44 comments to Is that the dawn of a brighter future I see over yonder?

  • andrew porter

    I am all for the Scots being independent, let them decide how to live away from the confines of Westminster. It may create a movement for greater regional say in England. Wales will never leave as they need the English to pay the bills!

  • Mr Ed

    Scotland would be missed, like toothache. rUK would be a bit like Singapore without Malaysia. Of course, we need to ensure that those properly Scots cannot retain British citizenship or claim benefits in the rUK. No doubt this will not be the deal and they will continue to enjoy benefits should they cross the border. However, defining who is Scottish and who is not may not always be easy.

    Meanwhile, an interesting but flawed radio drama imagining an independent London was on BBC Radio 4 recently. It lacks an understanding of economics, and the fiat money bubble that underpins London’s economy, but almost gets its view of a future right. UK based servers only I understand.

    A far more interesting drama would be a London surviving (collapsing) in the event that the fiat money spigot were to be turned off. Perhaps a project for Samizdatans, or the Cobden Centre?

  • Richard Thomas

    If both Wales and Scotland left, the socialists would just about have a aneurism about the flag they’d be operating under (Well, they’d probably end up waving the EU flag around I guess).

  • Praetyre

    Speaking as someone of Scotish descent, I think that as long as the EU is around this whole secession thing is moot above the national level. Even there, do you really think having a new country to ruin will stop the Eurocrats from imposing their retarded ideology on England? I do wonder what the effect will be on Scotland’s depleted economy, though; this is a little-discussed problem when it comes to Southern secession; ironically, the Northern states are the net tax contributors, though I don’t know if this is due to a decline in Southern industry or a boom in Northern commerce. Food for thought.

  • Jim

    Rest assured (or not), the Scots won’t vote for independence. Its one thing to say ‘Yes’ to a pollster, its another to put the X in the Yes box in the voting booth, when the consequences become oh so real. I predict that the No vote will comprise the high 40s they are polling now, plus another 10% of Don’t Knows plus a few % of Yes voters who change their mind in the booth.

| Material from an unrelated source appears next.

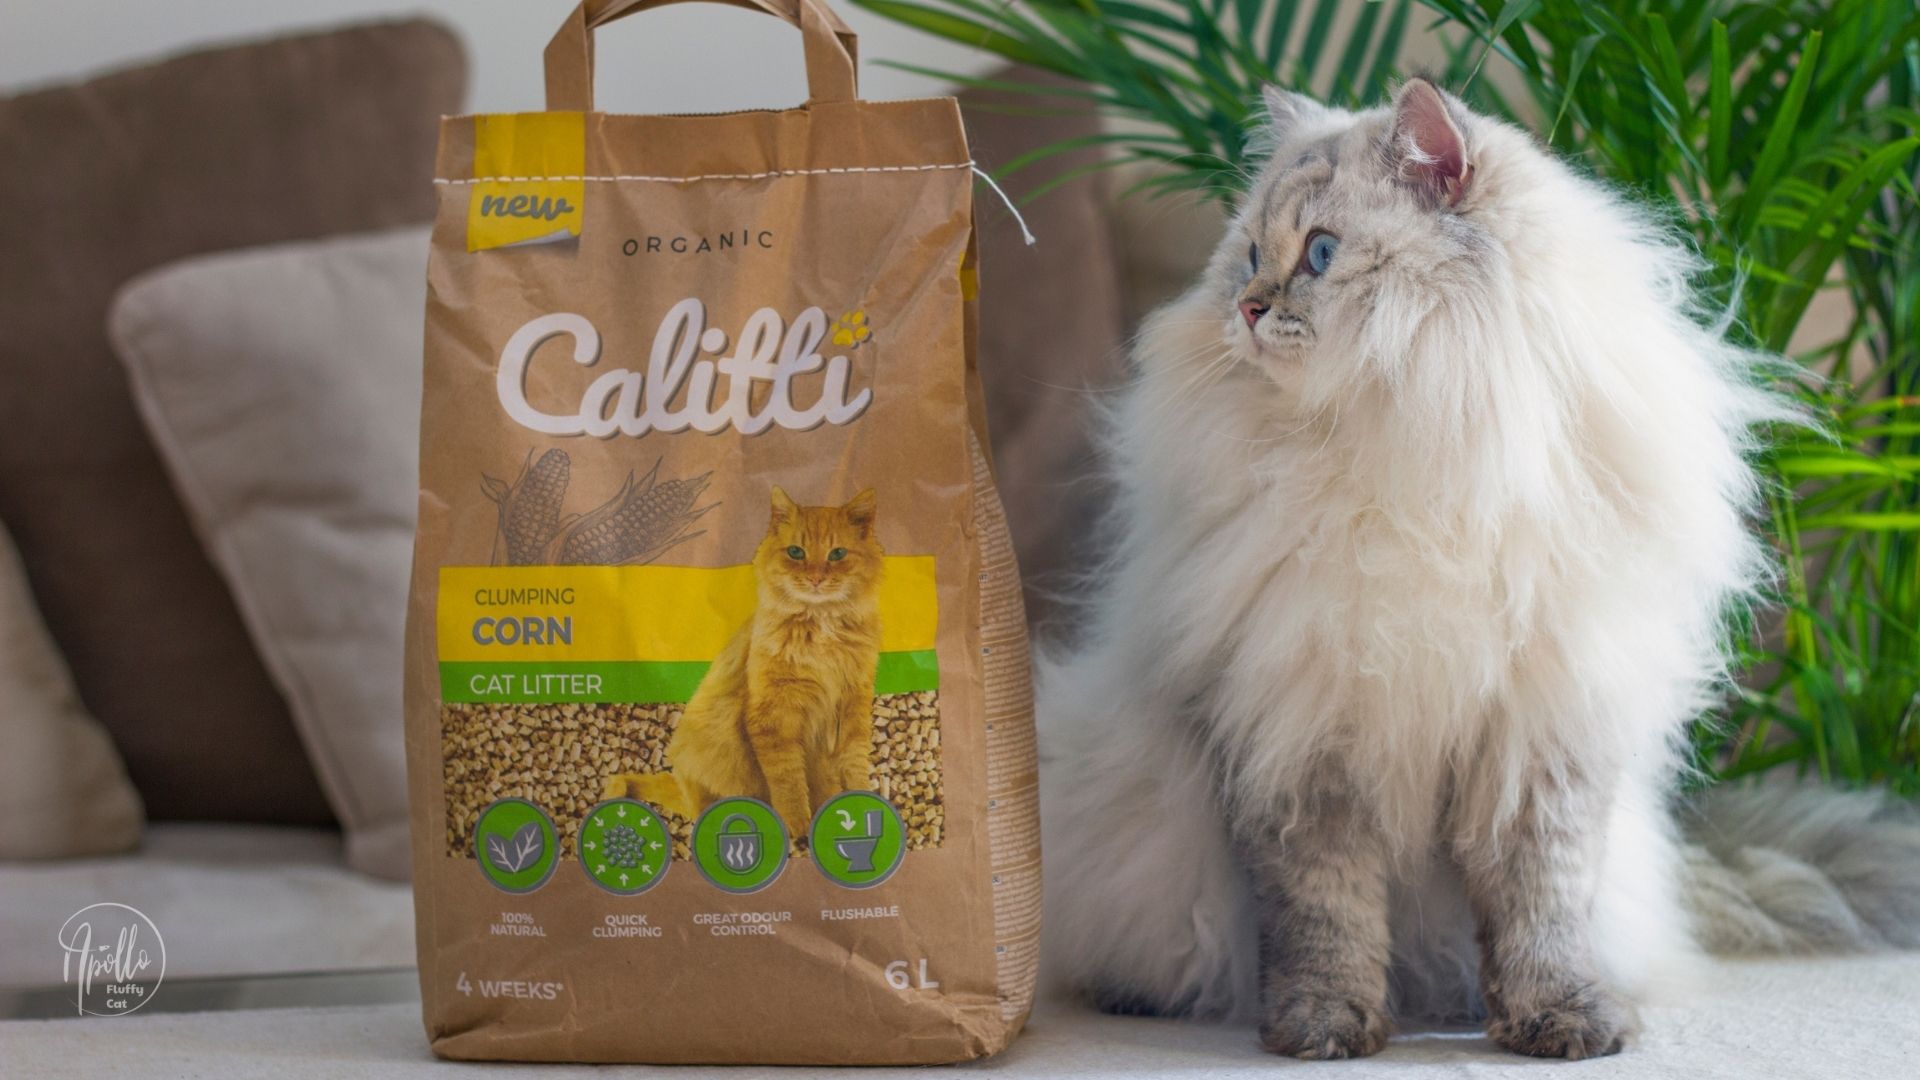 Review: Calitti Corn cat litter

At least 60/40 against independence, possibly even 65/35.

  • PersonFromPorlock

    The question you pose invites an answer in the form of one of William F. Buckley’s more memorable titles (about the final collapse of South Vietnam): “The Light at the End of the Tunnel is Hellfire.”

  • Samizdatistas, Ed, Samizdatistas.

  • Patrick Crozier

    Am I alone in thinking that this is an example of that rarest of contests in which both sides are trying to lose?

  • Mr Ed

    Sorry Perry, bit of a newcomer in these parts.

    Here’s my draft Act of Disunion, let’s go the whole Hog but leave Rockall as the UK:

    1. The Act of Union 1707 is hereby repealed, the repeal shall take effect on the day after this Act at midnight on the day after this Act receives the Royal Assent, hereinafter ‘freedom day’.

    2. The Union with Ireland Act 1800, as amended, is hereby repealed on freedom day.

    3. The Island of Rockall Act 1972 is hereby repealed, but Rockall shall thereupon become a common territory of the United Kingdom, this provision shall come into effect at one second before midnight on freedom day.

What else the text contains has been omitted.